Background: Multiple genome-wide and candidate gene association studies have been conducted in search of common risk variants for breast cancer. Recent large meta analyses, consolidating evidence from these studies, have been consistent in highlighting the caspase-8 (CASP8) gene as important in this regard. To define a risk haplotype and map the CASP8 gene region with respect to underlying susceptibility variant/s, we screened four genes in the CASP8 region on 2q33-q34 for breast cancer risk.
Methods: Two independent data sets from the United Kingdom and the United States, including 3,888 breast cancer cases and controls, were genotyped for 45 tagging single nucleotide polymorphisms (tSNP) in the expanded CASP8 region. SNP and haplotype association tests were carried out using Monte Carlo-based methods.
Results: We identified a three-SNP haplotype across rs3834129, rs6723097, and rs3817578 that was significantly associated with breast cancer (P < 5 × 10−6), with a dominant risk ratio and 95% CI of 1.28 (1.21–1.35) and frequency of 0.29 in controls. Evidence for this risk haplotype was extremely consistent across the two study sites and also consistent with previous data.
Conclusion: This three-SNP risk haplotype represents the best characterization so far of the chromosome upon which the susceptibility variant resides.
Impact: Characterization of the risk haplotype provides a strong foundation for resequencing efforts to identify the underlying risk variant, which may prove useful for individual-level risk prediction, and provide novel insights into breast carcinogenesis. Cancer Epidemiol Biomarkers Prev; 21(1); 176–81. ©2011 AACR.
The caspase-8 (CASP8) gene is one of only 3 genes identified as possessing common variants with strong and noteworthy associations with breast cancer risk based on cumulative evidence from candidate gene and genome-wide association studies (1, 2).
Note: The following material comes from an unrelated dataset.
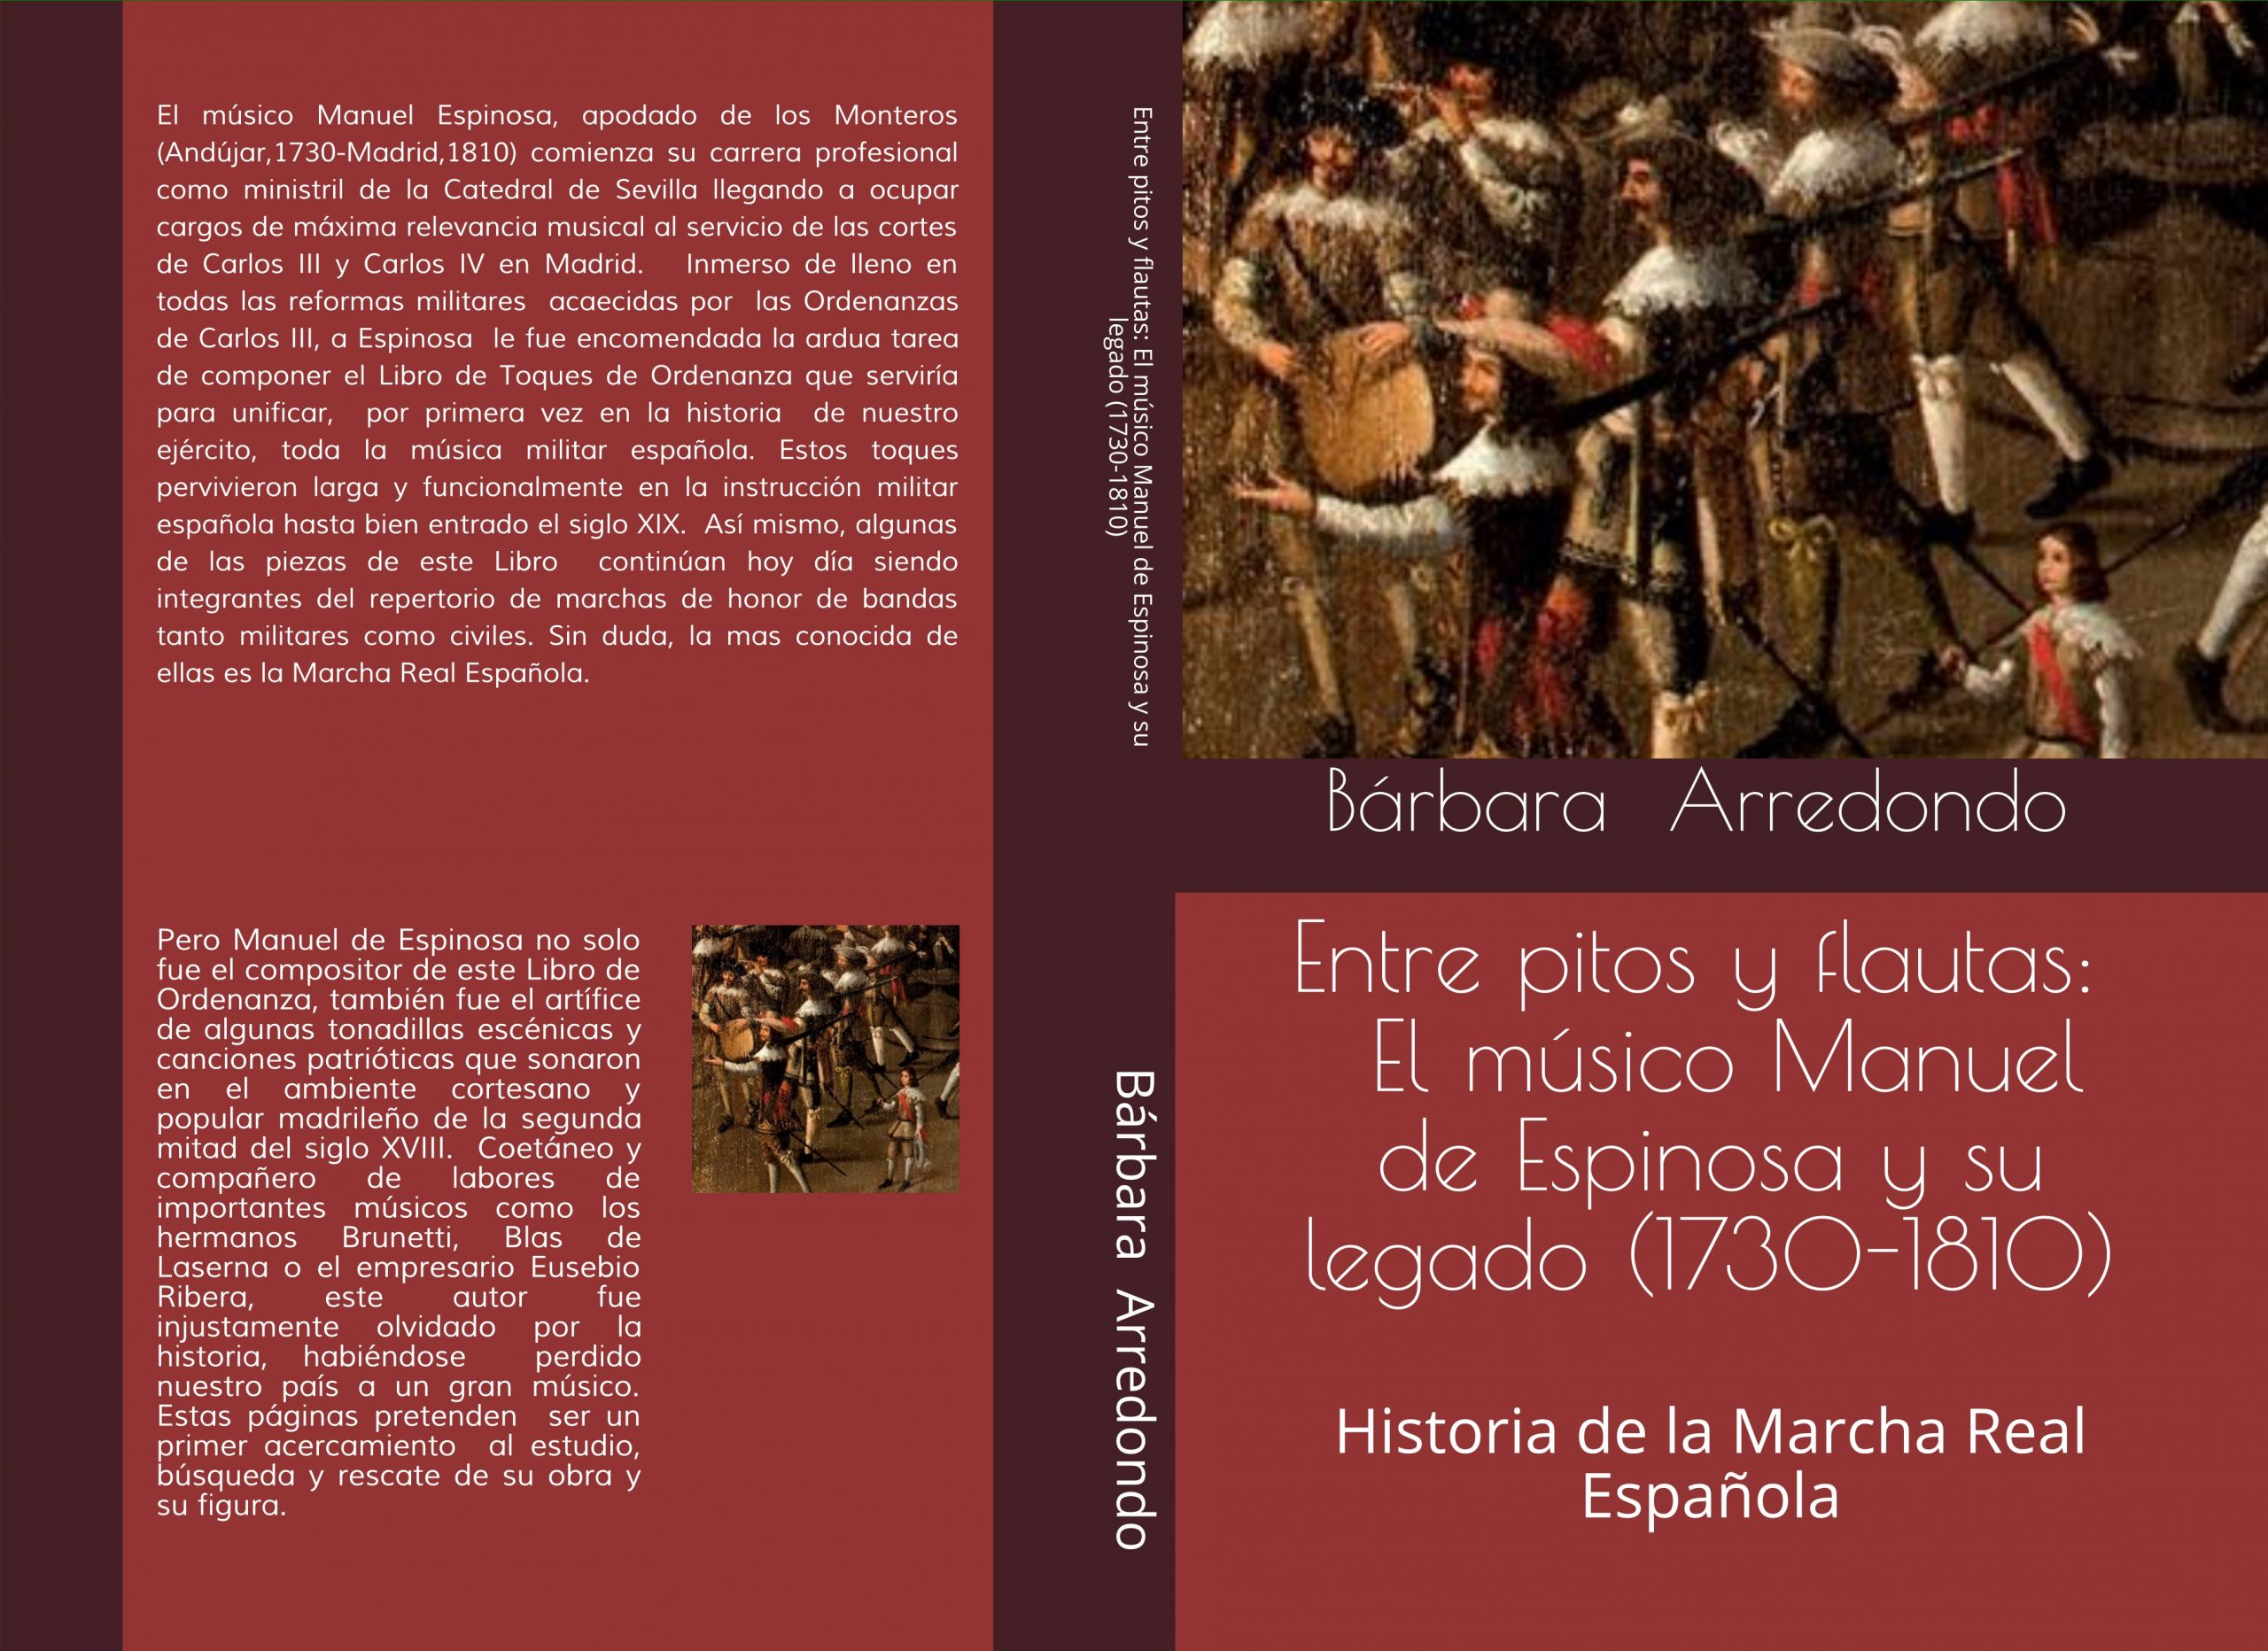 Entre pitos y flautas: El músico Manuel de Espinosa y su legado (1730-1810). Historia de la Marcha Real Española.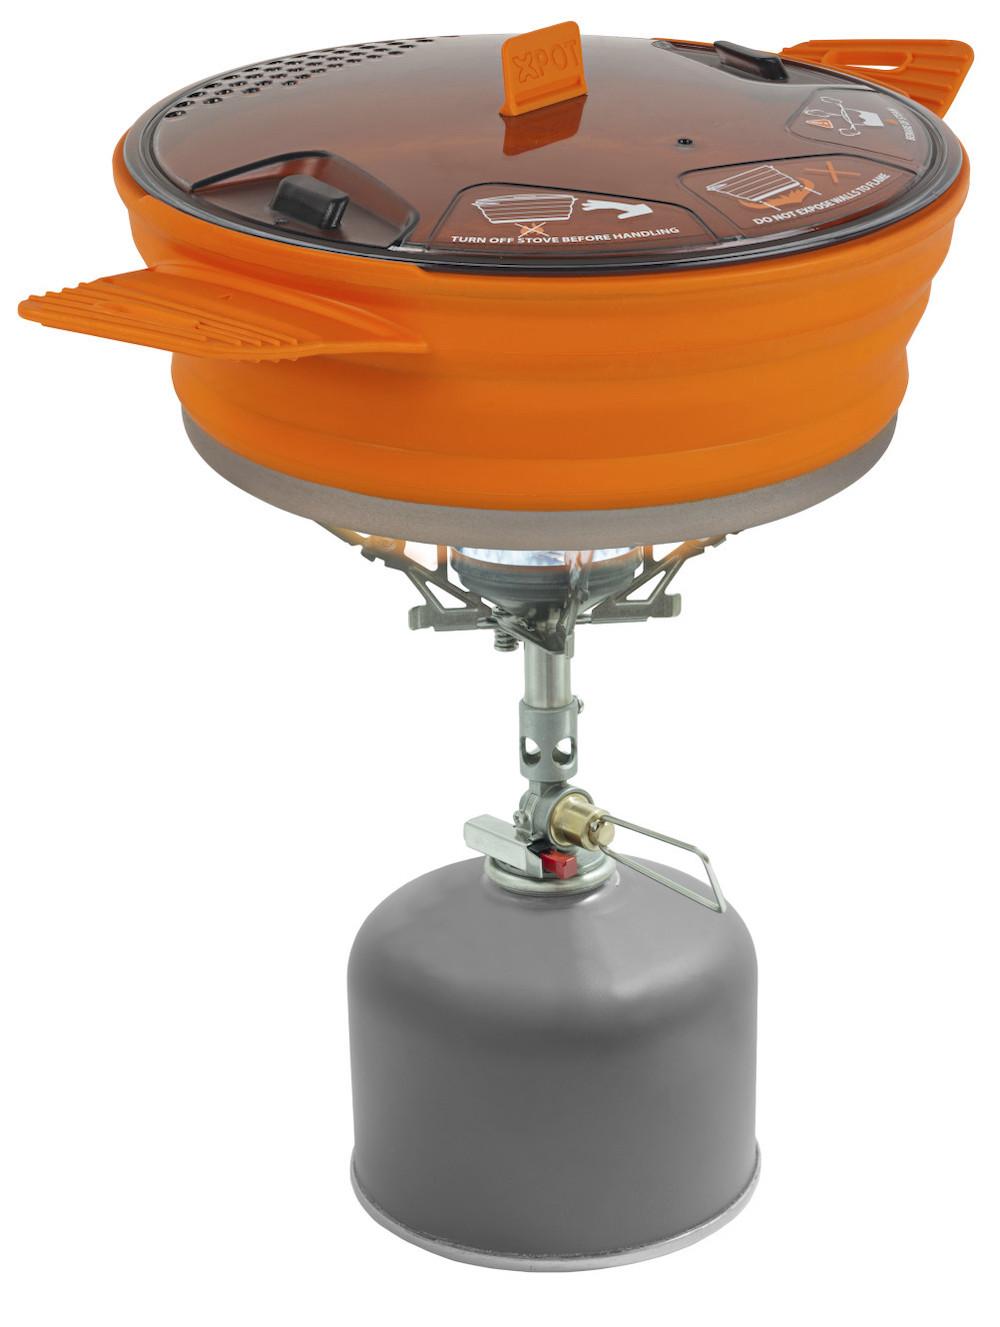 Sea to Summit - X-Pot 1.4 Orange, Detailansicht 3

Similarly, pooled and metaanalyses focusing on CASP8 specifically have indicated strong associations with breast cancer (3–5). In particular, these refer to the highly significant association of the minor allele at D302H in exon 12 (rs1045485) and decreased risk. Some data suggest that another variant, a 6-bp deletion in the CASP8 promoter (−652 6N del, rs3834129) is associated with breast cancer, although the evidence for this variant is much less consistent (6–8). There is no known functional effect of rs1045485 (9), and it is very rare in Asian populations. The del allele of rs3834129 has been suggested to remove an Spl transcription-binding site, although functional data on the effects of this change in lymphocytes are conflicting (6, 9). Evidence thus far suggests that it is likely that other variant/s in linkage disequilibrium (LD) with rs1045485 and/or rs3834129 will be the critical variant/s.
CASP8 resides at chromosome 2q33. Two other genes, caspase-10 (CASP10) and amyotrophic lateral sclerosis 2 (juvenile) chromosome region candidate 12 (ALS2CR12), lie directly adjacent to CASP8. Like CASP8, CASP10 is an initiator of apoptosis, and the CASP10 V410I variant has been reported to be associated with breast cancer (10). Another gene, called “CASP8 and FADD-like Apoptosis Regulator” (CFLAR) lies centromeric to CASP10. It is a member of the same gene family as CASP8 and CASP10, but acts as a negative regulator of apoptosis (11). Given their physical proximity to CASP8 and functional relevance (CASP10/CFLAR), the critical variants could reasonably lie in any of these 4 genes.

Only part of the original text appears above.